Plaintiff also failed to demonstrate the reasonableness of his 1999 settlement. His allegation that the "$7,000 release was substantially similar to the total value of defendant's liability as of the June 1999 [settlement]" is wholly unavailing and ignores the continuing nature of Worker's Compensation liability. Moreover, contrary to Plaintiff's description of his settlement's timing, his Worker's Compensation claim was still pending when he entered the 1999 settlement. Such claim remained pending for another five months. While Plaintiff was back at work before he agreed to the settlement, his physical ailments were not resolved. Instead, according to his doctor at the time, he went back to work with a "partial mild to moderate disability." In addition, because Plaintiff was out of work for approximately twenty one weeks after the 1998 collision, he arguably met Insurance Law §5102(d)'s "serious injury" threshold (a 90/180 day injury) to permit his commencing a "non-economic loss" action against Jones. (Insurance Law §5104). Within such action, because Jones rear ended Plaintiff's stopped bus. Plaintiff had a "prima facie case of negligence" against Jones. (Grant v Nembhard, 94 AD3d 1397, 1399 [3d Dept 2012]). Despite such potential, Plaintiff offered no proof, expert or otherwise, analyzing the actual value of his claim against Jones. Without which. Plaintiff cannot establish the reasonability of his 1999 settlement.

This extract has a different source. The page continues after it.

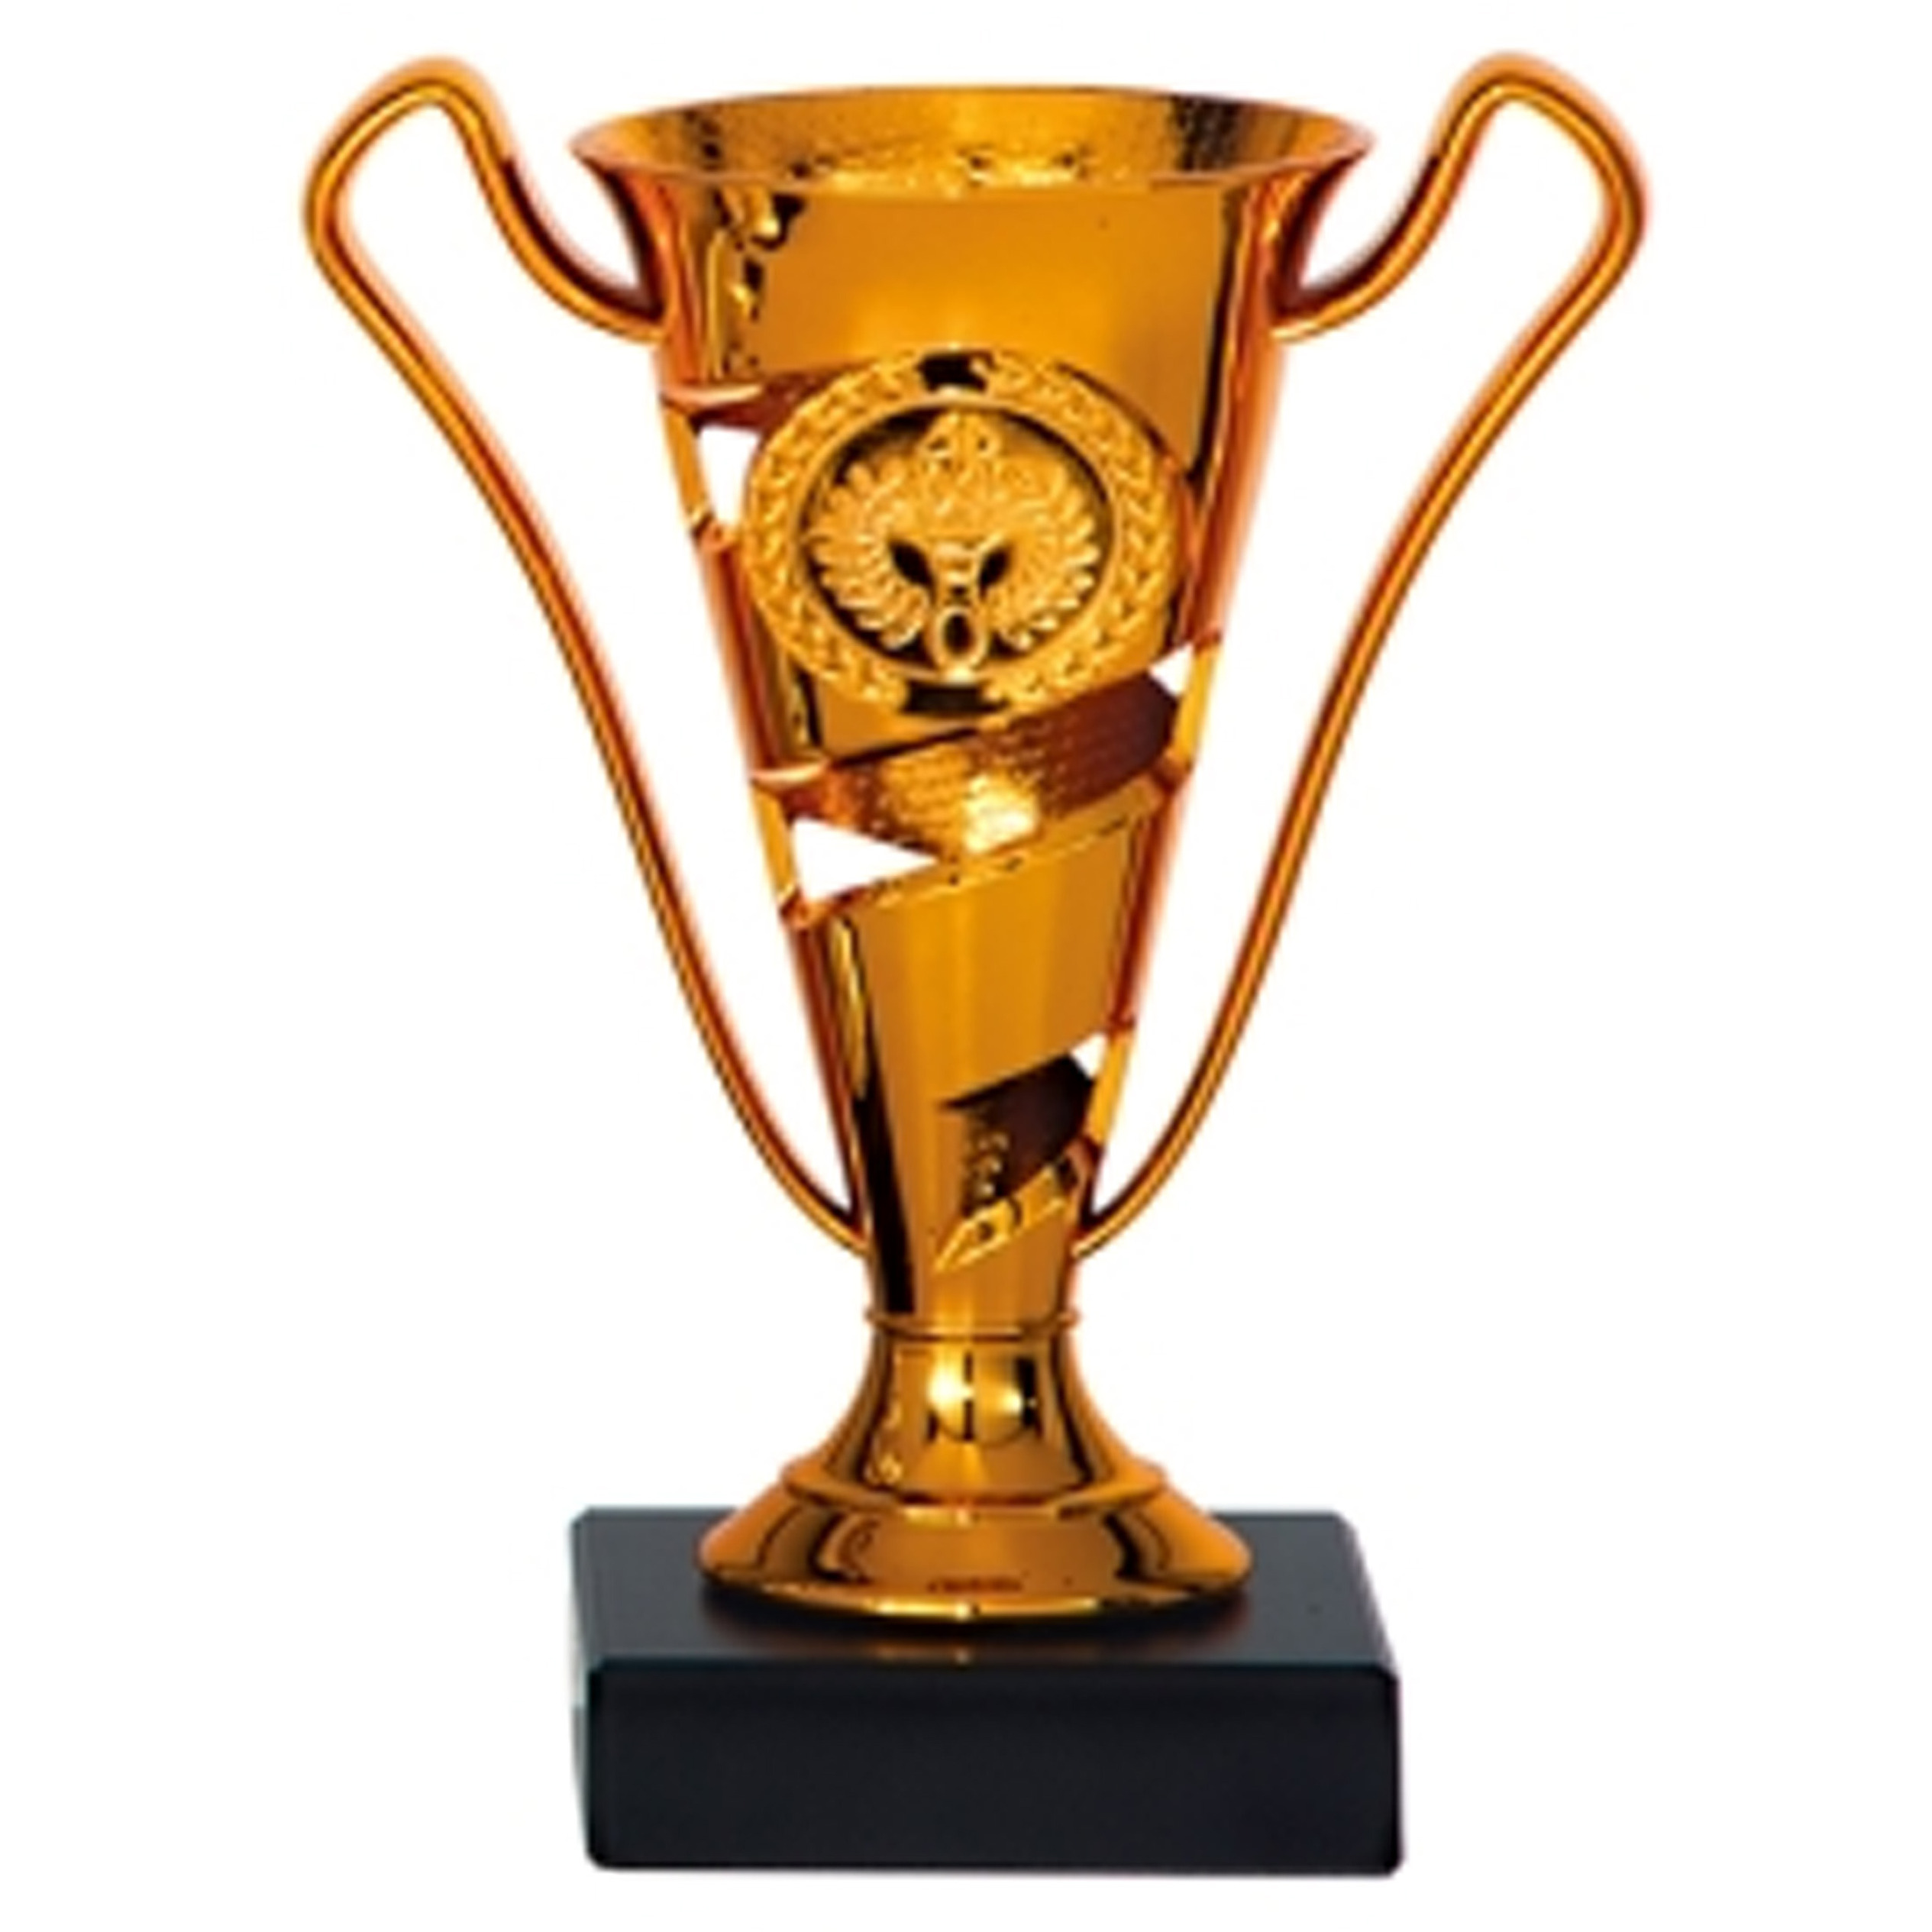 Luxe trofee-prijs beker met oren brons kunststof 17 x 11 cm sportprijs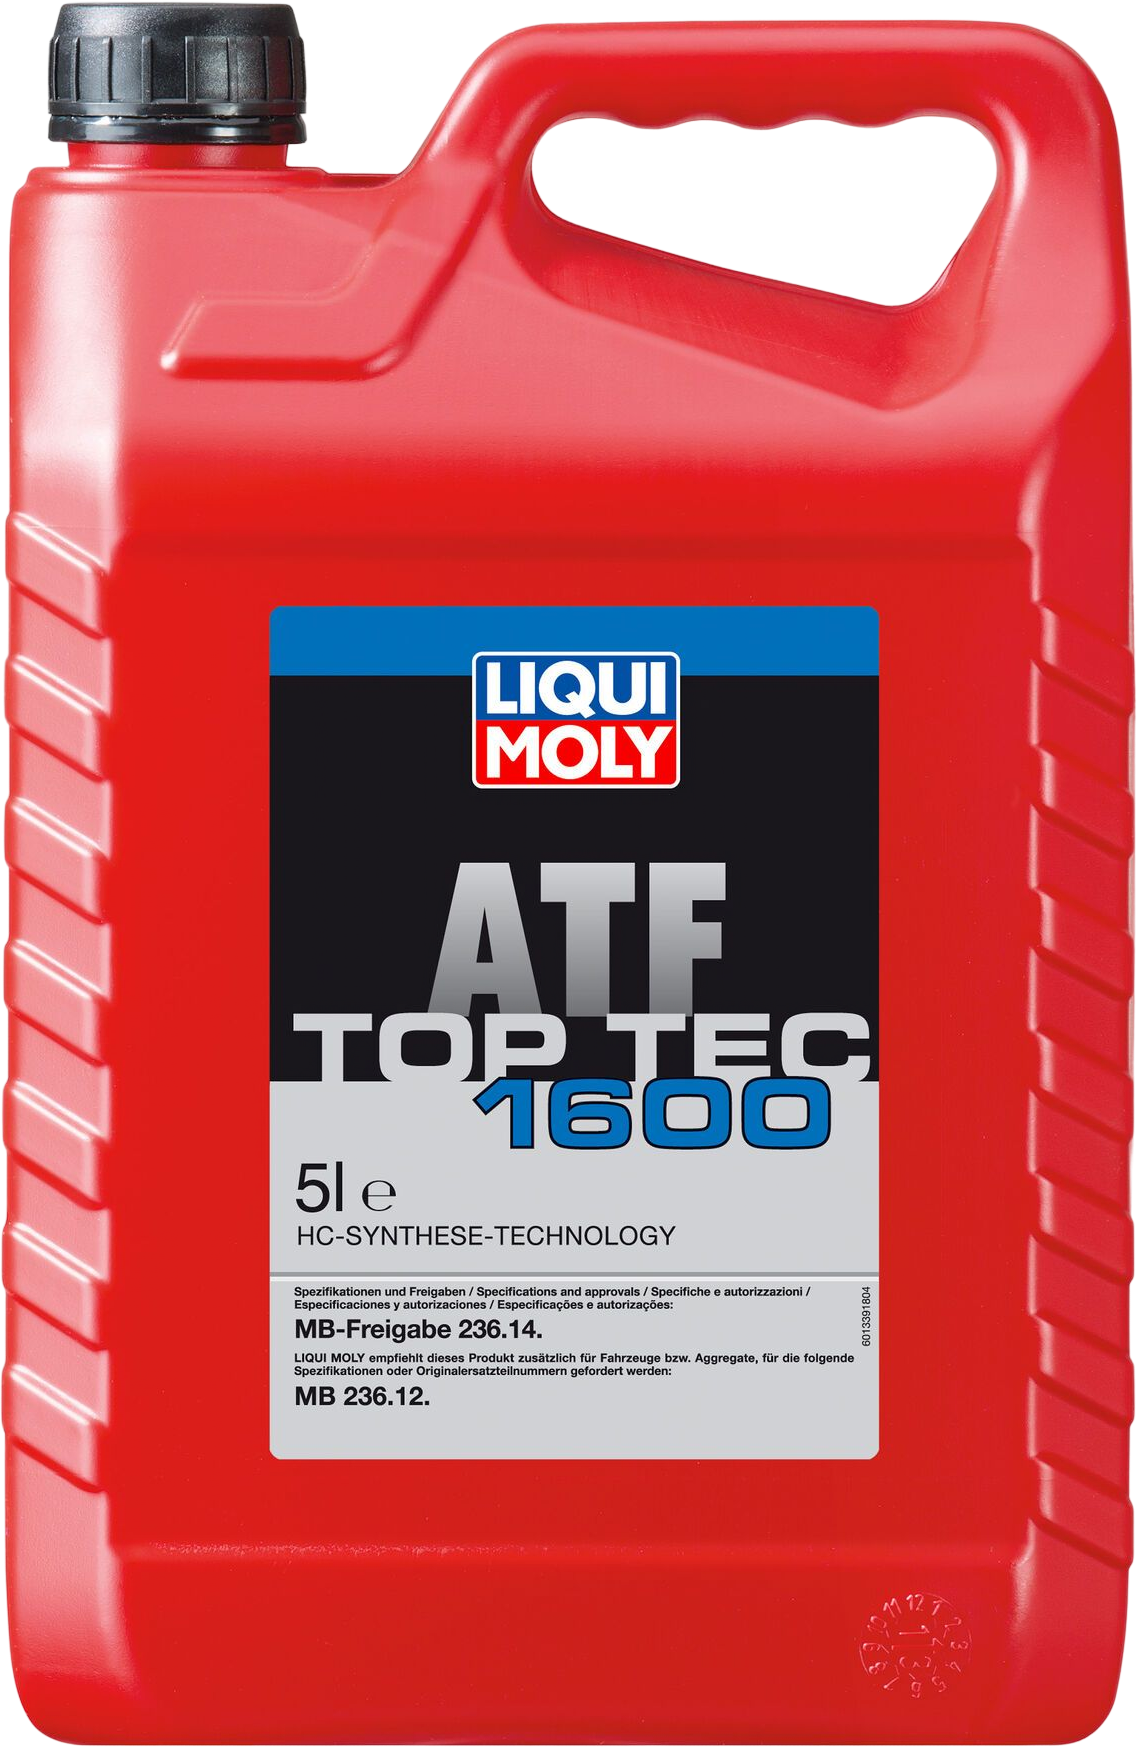 Liqui Moly Top Tec ATF 1600, 5 lt

Nor did Plaintiff demonstrate his lack of fault or neglect. Plaintiff readily admits that he was unrepresented when he entered the 1999 settlement. His affidavits implicitly acknowledge that he was unaware of his obligation to obtain Defendants' consent before entering the 1999 settlement. His attorney tellingly alleges that he "continuefsj to take action to remedy [Plaintiff's] misconstruction of the status of his Worker's Compensation case as it existed at the time of the [1999 settlement]." While Plaintiff's "misconstruction" may have been made in good faith, it neither provides a basis for this Court's nunc pro tunc approval nor demonstrates a lack of fault or neglect.
Lastly, Plaintiff failed to demonstrate a lack of prejudice. He offered no proof to demonstrate that Liberty Mutual's right to offset future payments will be covered by the 1999 settlement. Nor did he establish any connection between Liberty Mutual's lack of a Worker's Compensation lien at the time of the 1999 settlement, and his current claim.
Accordingly, the petition is denied.
This Decision and Order is being returned to the attorneys for the Respondent. A copy of this Decision and Order and all other original papers submitted on this motion are being delivered to the Albany County Clerk for filing. The signing of this Decision and Order shall not constitute entry or filing under CPLR §2220. Counsel is not relieved from the applicable provision of that section respecting filing, entry and notice of entry.
So Ordered. Dated: Albany, New York
June 25, 2014
__________
Joseph C. Teresi, J.S.C.
PAPERS CONSIDERED:
1. Notice of Petition, dated April 1, 2014; Petition, dated October 3, 2013; Affidavit of Alex Dell, dated March 25, 2014; Affidavit of Edward Scheid, dated January 27, 2014, with attached Exhibits A-F. 2. Affirmation of William Ryan, dated April 18, 2014, with attached Exhibits 1-4. 3. Affidavit of Alex Dell, dated May 12, 2014; Affidavit of Glenn Weiler, dated May 13, 2014, with attached Exhibits G-Q.